= Alexandra Myotte =

Canadian animator

Alexandre Myotte is a Canadian animator, who works with her partner Jean-Sébastien Hamel in the animation studio Sémaphore Films. They are most noted as co-directors of A Crab in the Pool (Un trou dans la poitrine), which won the Prix Iris for Best Animated Short Film at the 26th Quebec Cinema Awards in 2024, and was named to the initial shortlist for the Academy Award for Best Animated Short Film in the leadup to the 97th Academy Awards in 2025.

Myotte was previously director of No Title (Pas de titre), which was a Prix Iris nominee in the same category at the 24th Quebec Cinema Awards in 2022. That film also featured Hamel's participation in technical roles despite him not being officially credited as a co-director.

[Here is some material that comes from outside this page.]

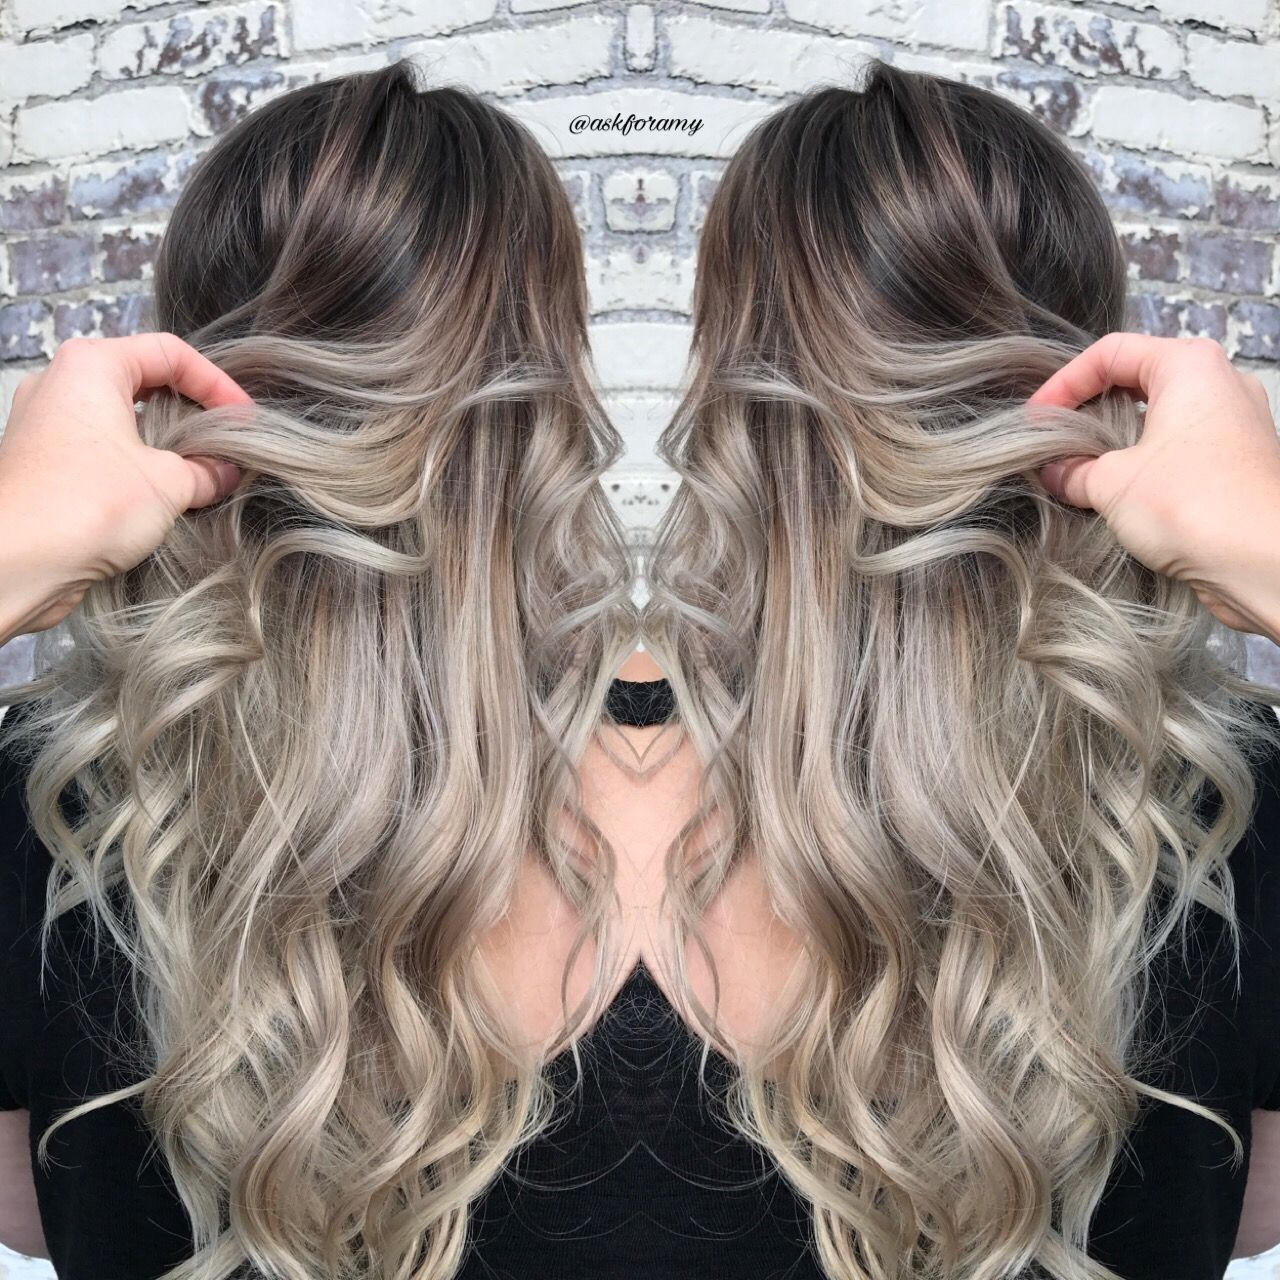 Ash Blonde Platinum Hair With Dark Roots By Askforamy Dark Roots Blonde Hair Light Ash Blonde Hair Ash Blonde Balayage Dark
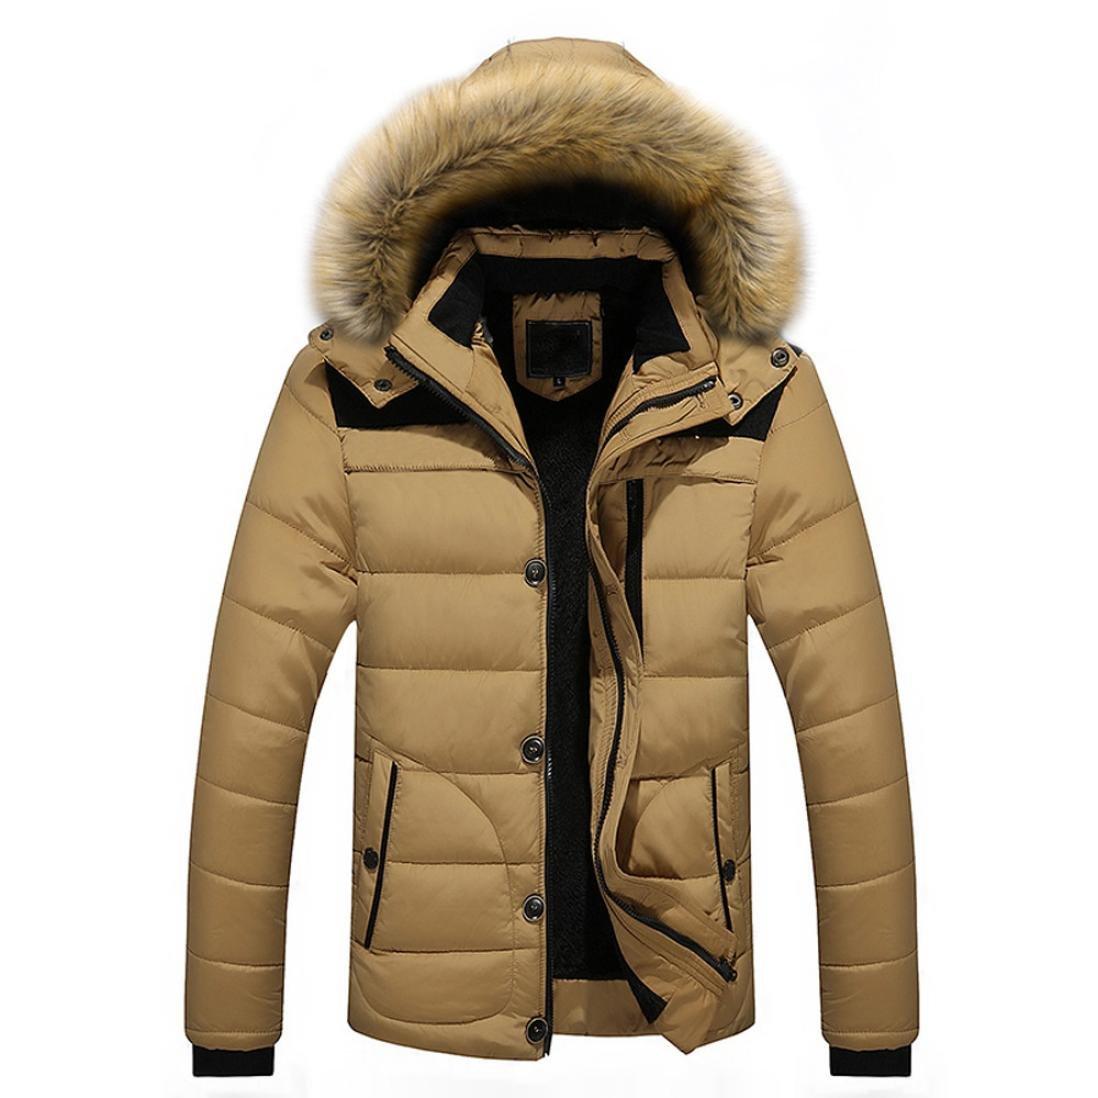 HOT ! YANG-YI Men Warm Blouse Winter Thick Jacket Plus Fur Hooded Coat Jacket (XL, Khaki)

She began her career making animated music videos for the indie rock band Karkwa, where she first met Hamel when he was brought in to collaborate as an editor on the video for "La Façade". Their first animated short film as a duo, La fille aux yeux rouges, was released in 2009; they have since continued to collaborate both on films credited to the duo as co-directors, and on films credited to one of them as a solo director but still featuring supporting technical work by the other.

The duo's newest film, What We Leave Behind (Ce qu'on laisse derrière), is slated to premiere at the 78th Locarno Film Festival.